Disclaimer. Don't rely on these old notes in lieu of reading the literature, but they can jog your memory. As a grad student long ago, my peers and I collaborated to write and exchange summaries of political science research. I posted them to a wiki-style website. "Wikisum" is now dead but archived here. I cannot vouch for these notes' accuracy, nor can I say who wrote them.

Matthews. 1989. Veto threats: Rhetoric in a bargaining game. Quarterly Journal of Economics.
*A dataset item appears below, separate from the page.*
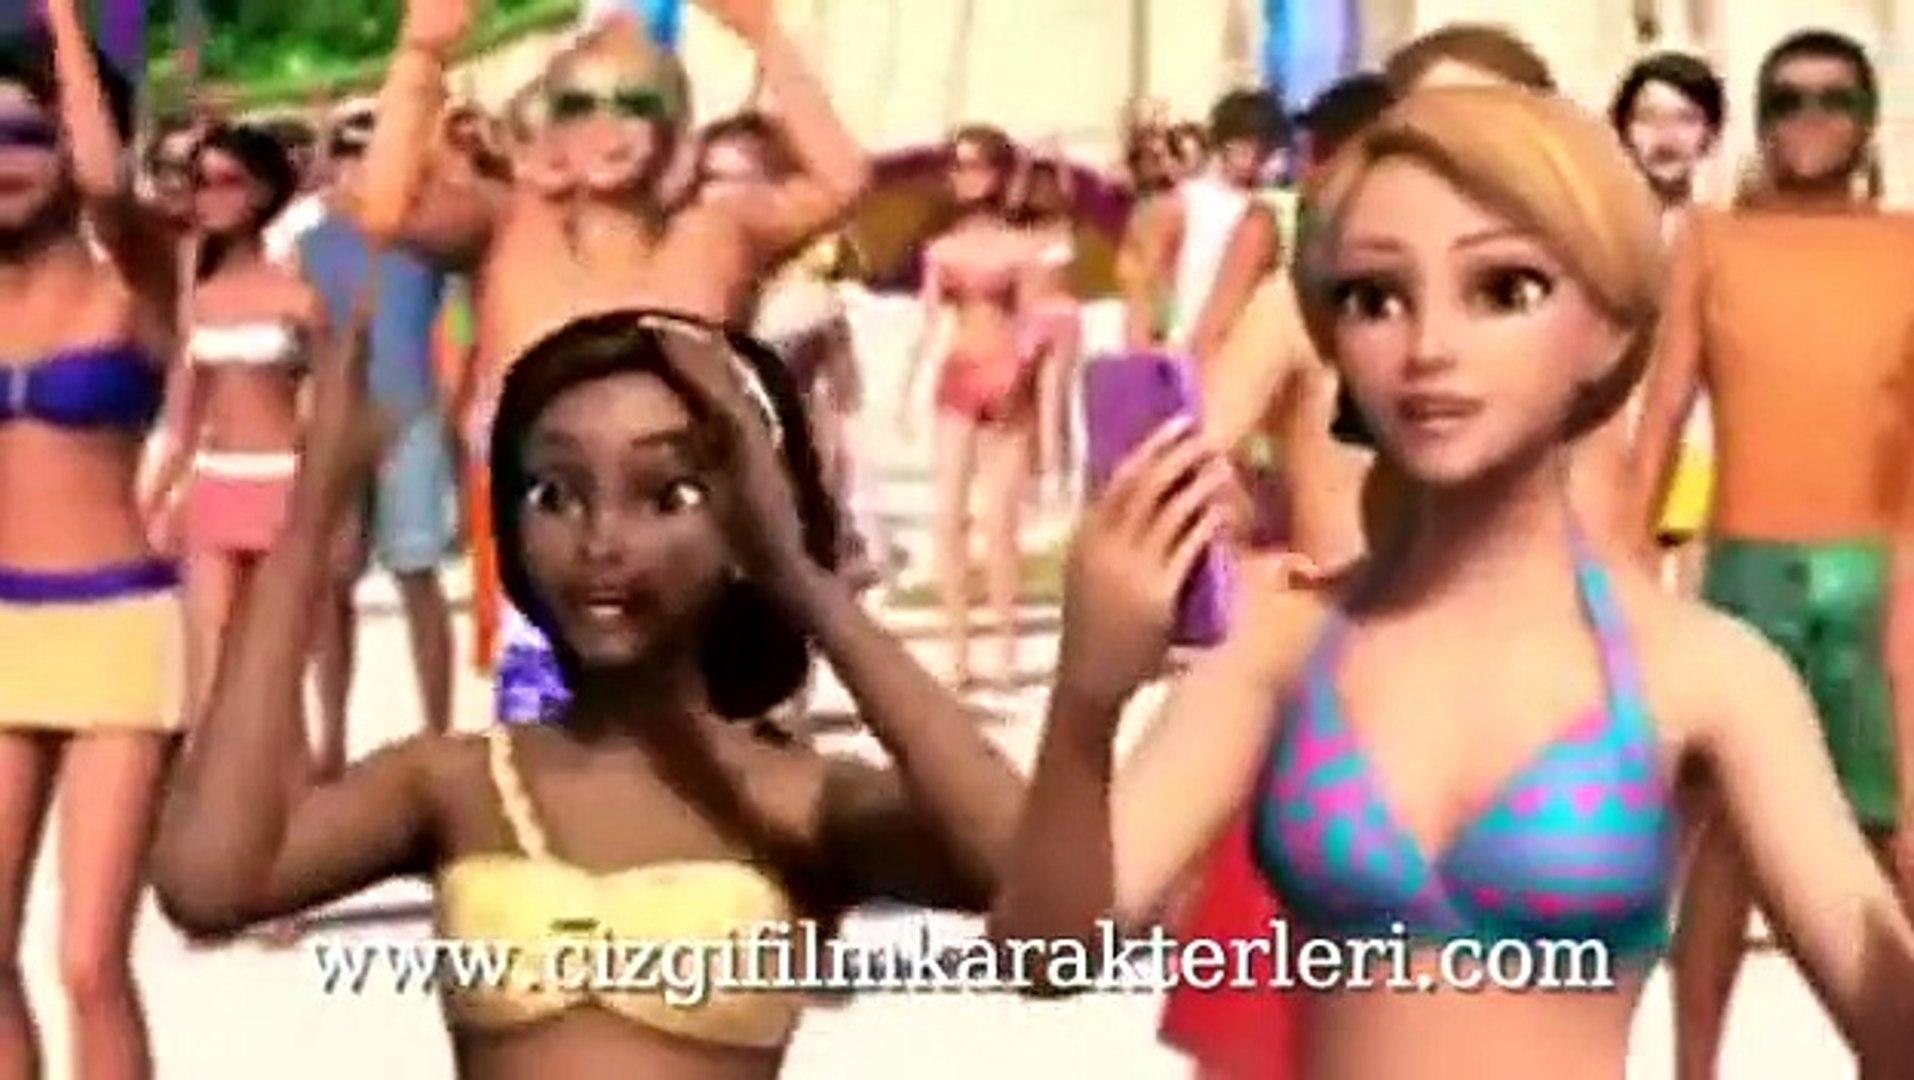 Barbie Çizgi Film İzle - Barbie Deniz Kızı Hikayesi 2 - 10. bölüm Çizgi Filmi İzle - Çizgi Film Kara

Presidents say all kinds of rhetoric to try to influence Congressional appropriations bills. (1) Does the rhetoric influence the bills? (2) Is the rhetoric only a bluff? (3) If so, will his bluff be called, and will he renege on his promises to veto?

Place in the Literature

Criticizes the two-stage proposal-veto game (e.g. Kiewiet and McCubbins 1986) in which the Congress proposes a bill just close enough to its ideal point that the president will be indifferent to the status quo. (1) This model predicts no vetoes, yet vetoes occur regularly. (2) This model assumes that rhetoric has no meaning, despite the common belief that presidential veto threats have some credibility.

The Model


  1. Only the president knows what bills he would prefer to the status quo (uncertainty). The president is of one of four types:
    • Accomodator: Wants more reform than Congress, therefore lets Congress move policy to its ideal point.
    • Moderate: Wants somewhat less reform than Congress
    • Extreme: Wants far less reform than Congress
    • Recalcitrant: Wants reform in the opposite direction as Congress wants.
  2. Thus, Congress does not know which bills will be vetoed.
  3. Thus, the president's rhetoric is a signal to Congress.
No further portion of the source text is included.